Advances in artificial intelligence often stem from the development of new environments that abstract real-world situations into a form where research can be done conveniently. This paper contributes such an environment based on ideas inspired by elementary Microeconomics. Agents learn to produce resources in a spatially complex world, trade them with one another, and consume those that they prefer. We show that the emergent production, consumption, and pricing behaviors respond to environmental conditions in the directions predicted by supply and demand shifts in Microeconomics. We also demonstrate settings where the agents' emergent prices for goods vary over space, reflecting the local abundance of goods. After the price disparities emerge, some agents then discover a niche of transporting goods between regions with different prevailing prices -- a profitable strategy because they can buy goods where they are cheap and sell them where they are expensive.
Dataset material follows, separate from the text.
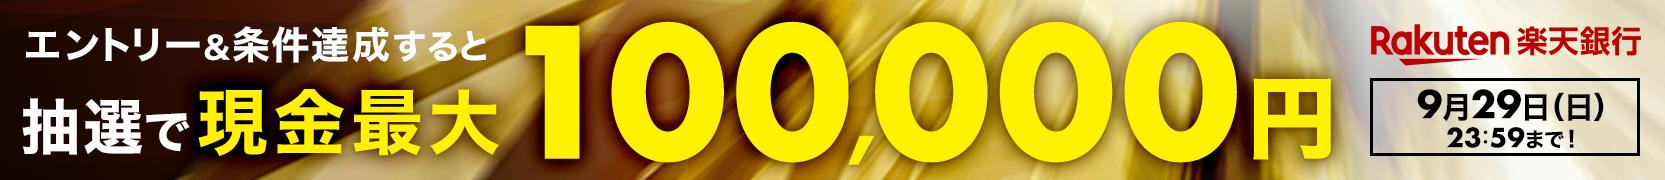 【楽天銀行】エントリーして楽天競馬に5,000円以上入金&投票で現金最大10万円プレゼント!
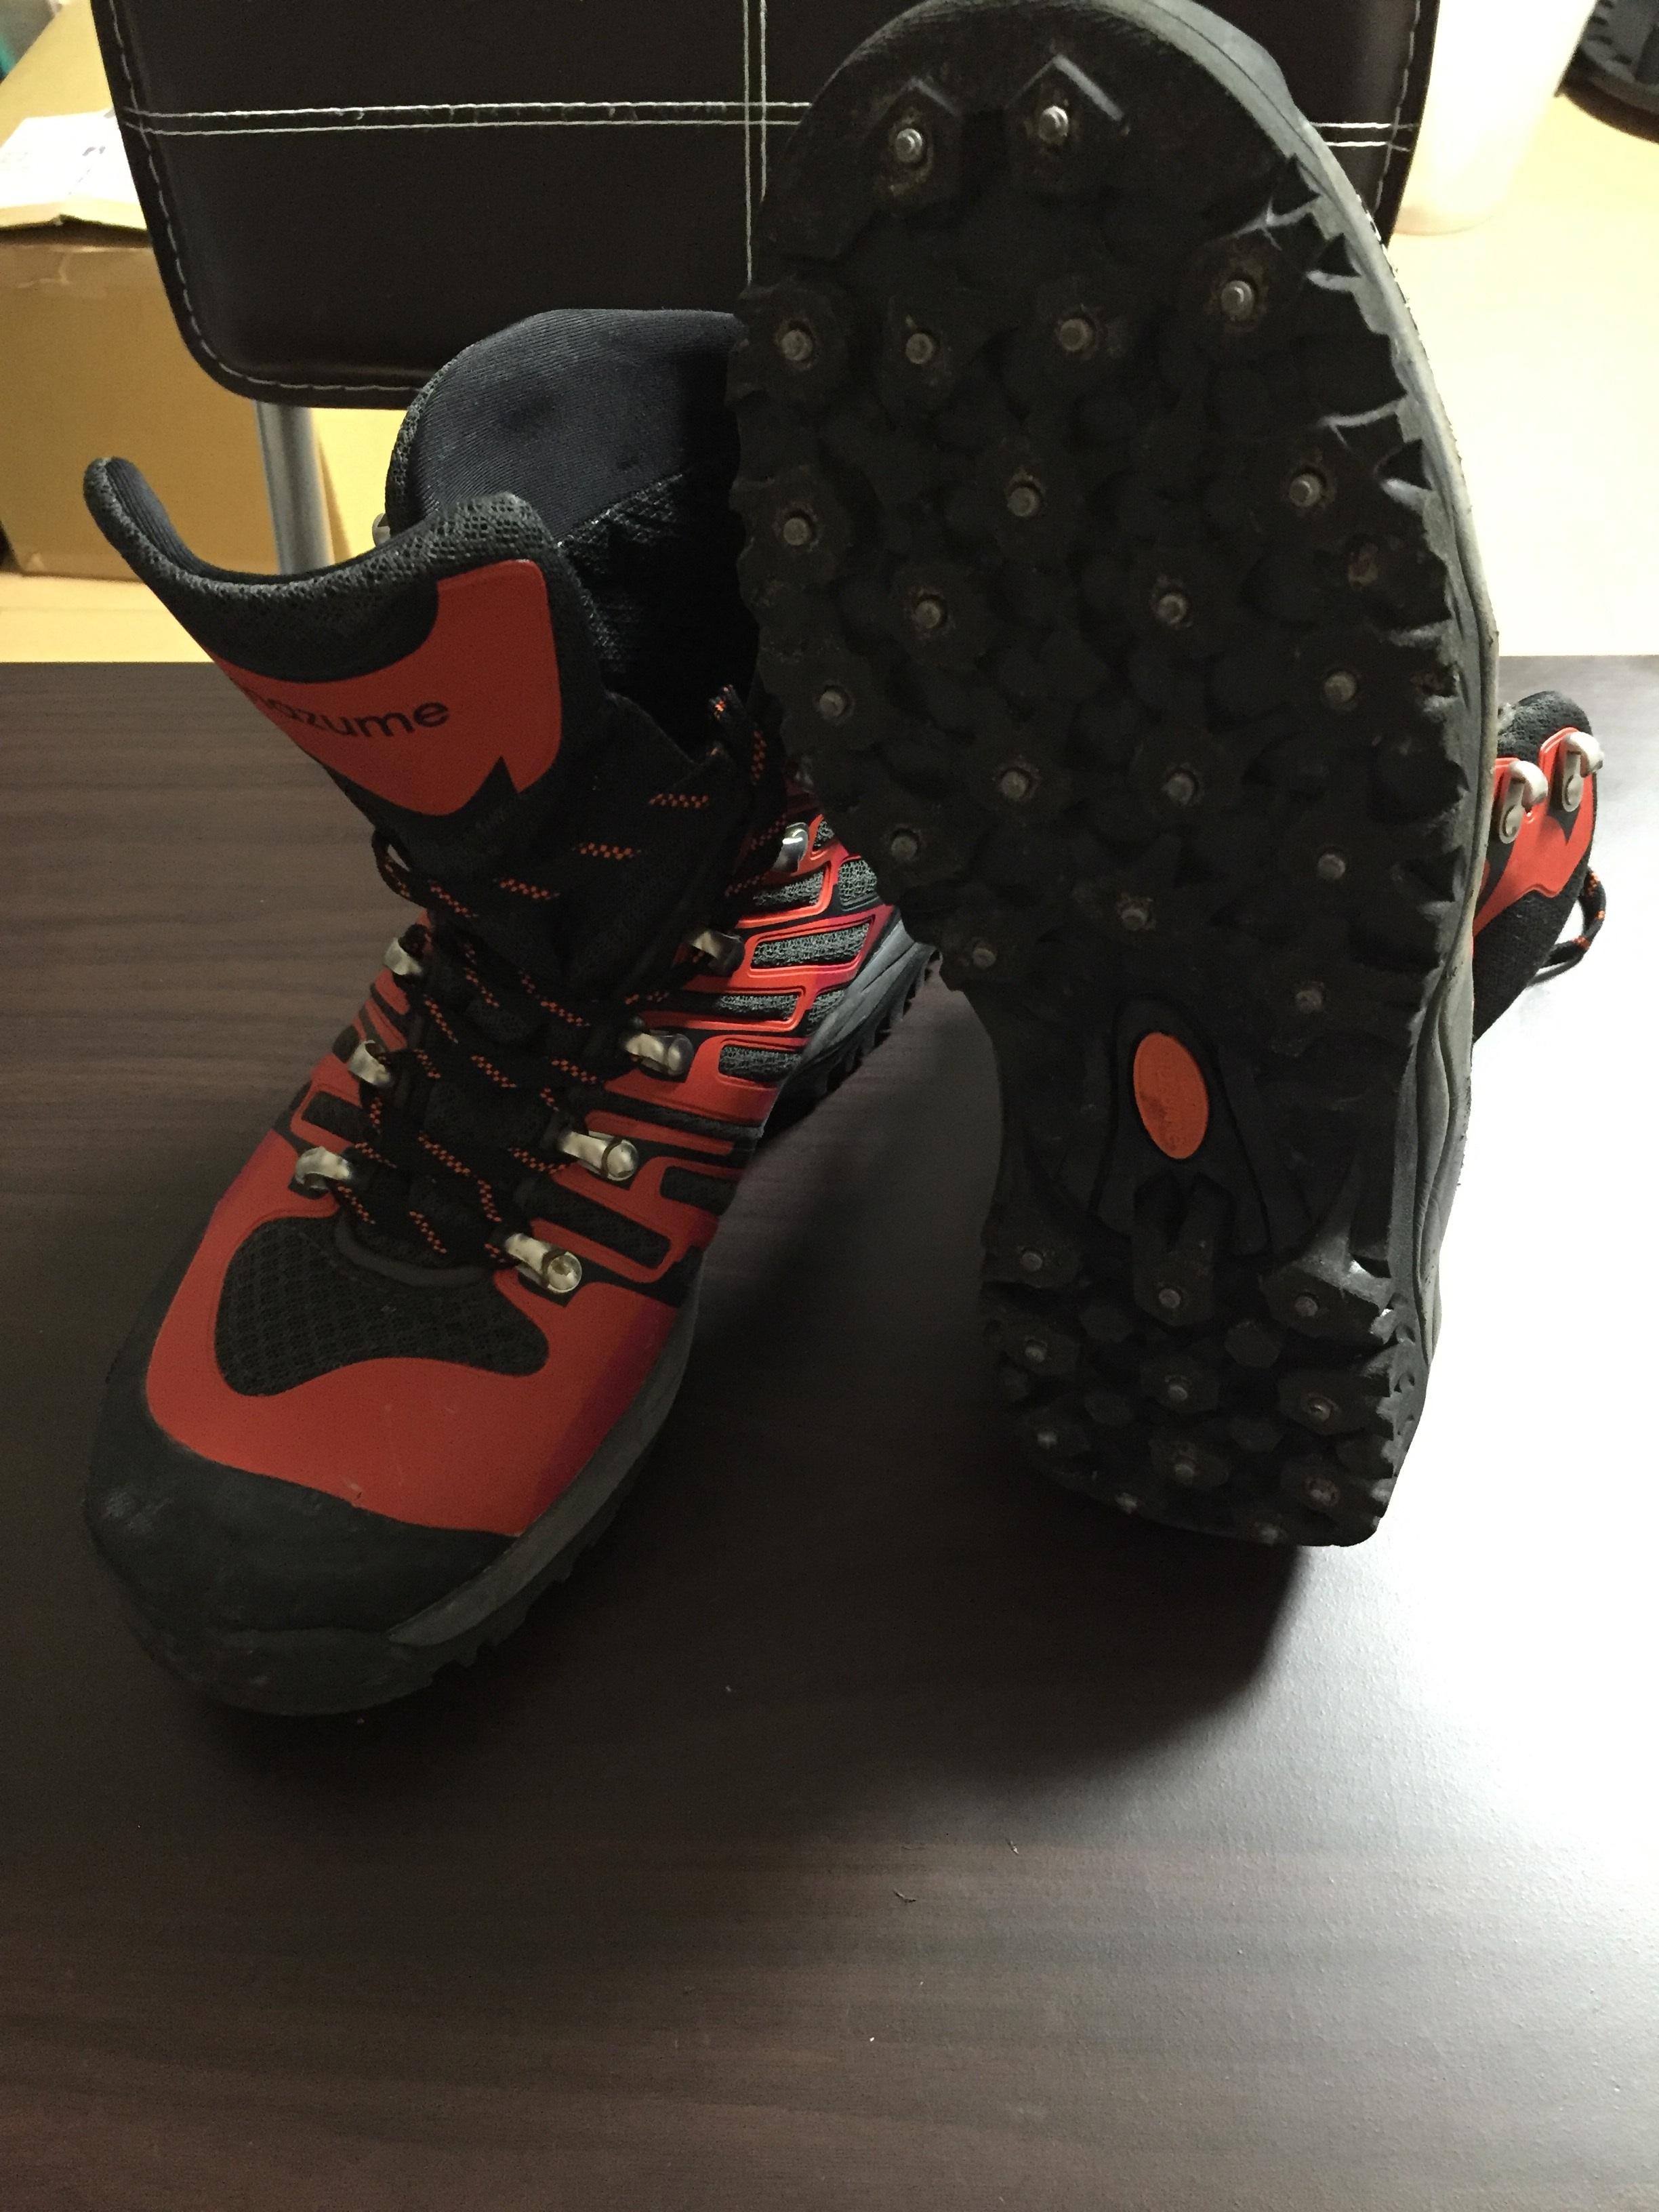 【磯靴界の一番人気】安くて強いマズメおすすめ磯靴MZWD-281のインプレッション・口コミ

Finally, in a series of ablation experiments, we investigate how choices in the environmental rewards, bartering actions, agent architecture, and ability to consume tradable goods can either aid or inhibit the emergence of this economic behavior. This work is part of the environment development branch of a research program that aims to build human-like artificial general intelligence through multi-agent interactions in simulated societies. By exploring which environment features are needed for the basic phenomena of elementary microeconomics to emerge automatically from learning, we arrive at an environment that differs from those studied in prior multi-agent reinforcement learning work along several dimensions. For example, the model incorporates heterogeneous tastes and physical abilities, and agents negotiate with one another as a grounded form of communication.